Spark-NLP has been tested on various frameworks and should work as expected. Sometimes a few tricks here and there are required but feel free
to report any issue or jump into our Slack channel for help.
When using Spark-NLP in python I get ‘JavaPackage’ object is not callable error.
This means your python setup is not finding the Spark-NLP jar in the JVM classpath. Make sure you properly use --jars or --packages for your defined framework.
Library Concepts
What are annotator types?
Each annotator has a type that may be shared with other
annotators. Whenever an annotator requires another annotator by a type, it means you
can provide in inputCols any annotator’s output column that has such type,
for instance Normalizer or SpellChecker are both token type annotators and
either or both may be used for a Sentiment Analysis model.
When should I use LightPipelines?
Sometimes you need to test only a few sentences or run against a very small dataset that fits on a single machine.
For these scenarios, LightPipelines are much faster than Spark's Pipeline, since there isn't a driver-executor relationship going on.

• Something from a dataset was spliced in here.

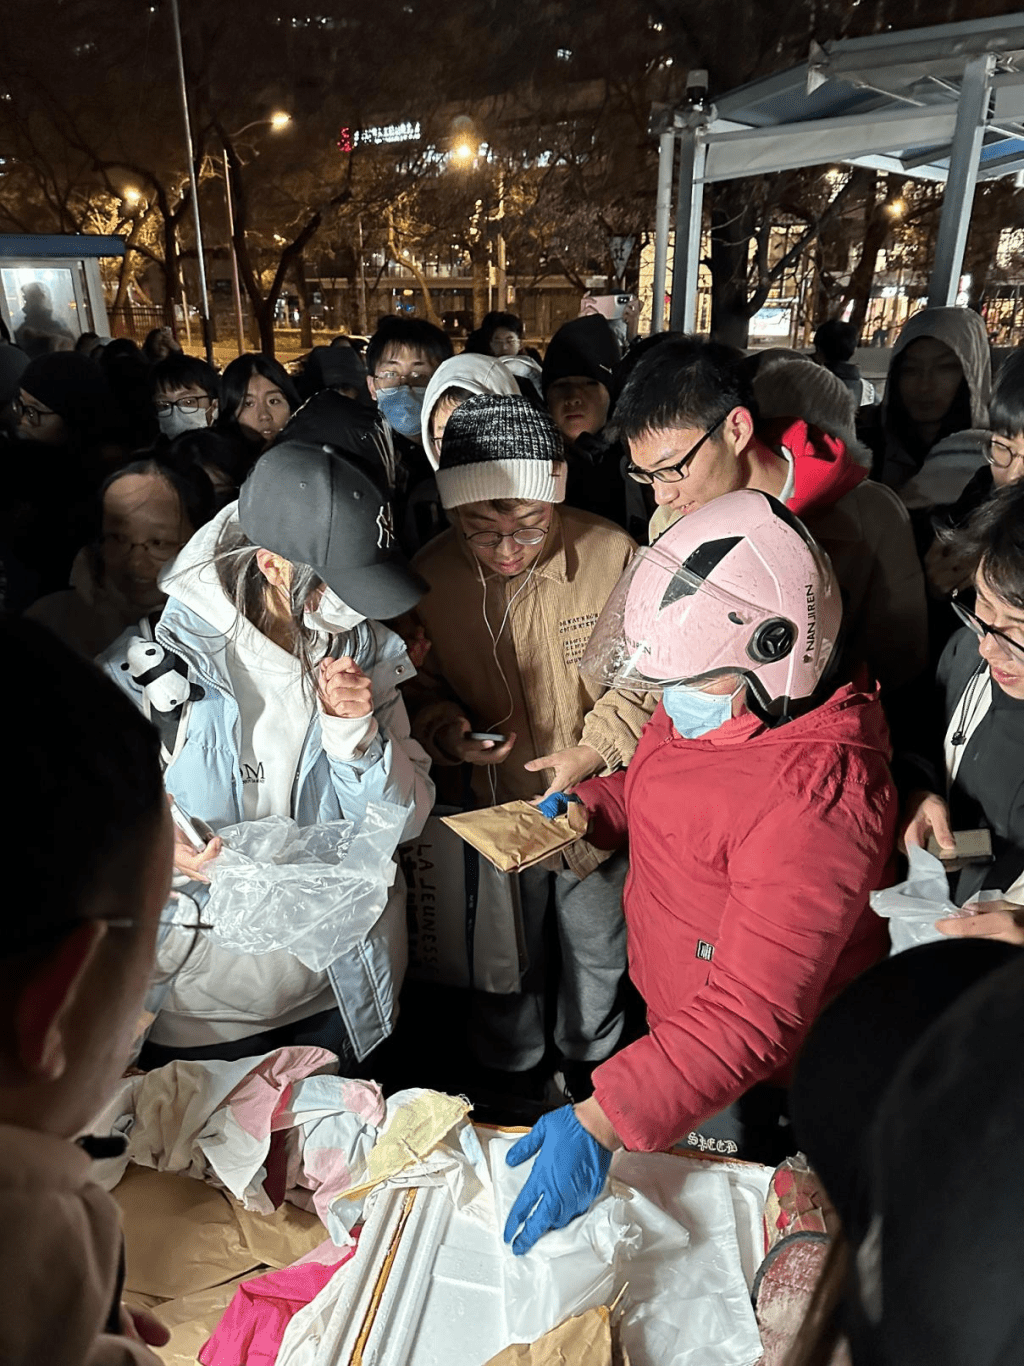 鵝腿阿姨分別在清華大學、北京大學和人民大學三所名校門外輪流擺攤。

LightPiplines rely on multi-threaded parallel computation that make them much faster, particularly for real-time or streaming
demands. Roughly estimates show that LightPipelines are worth it when working with below 50k rows (depends on the size of sentences and the pipeline itself)
Should I always use RecursivePipelines instead of SparkML Pipelines?
As of this writing, there isn't much benefit for RecursivePipelines, but, the answer is ideally yes.
Even though only a few annotators utilize RecursivePipelines internally, the default behavior falls back
to that of the common Pipeline, so there's nothing to lose.
How do word embeddings work?
We use an internal cluster-supported technique to index a database of vectors. We then inject the information into
all spark workers to be able to locally resolve at a high-speed all word-embedding mappings. RocksDB Indexing is utilized.
Models and Support
Are there any pretrained models to work with?
Yes, there is a pretrained API that automatically downloads pre-trained models from our S3 servers.
Links for downloading for offline use are available in the GitHub README.
Notice all models are not meant for production use, but barely as an example for experimentation. Only English models are available.
Finally, aside from Pipelines, all downloadable models are specific stages of a pipeline. There is no pretrained model "for everything".
Spark-NLP is a modular library.
I need help, is there any support or chat?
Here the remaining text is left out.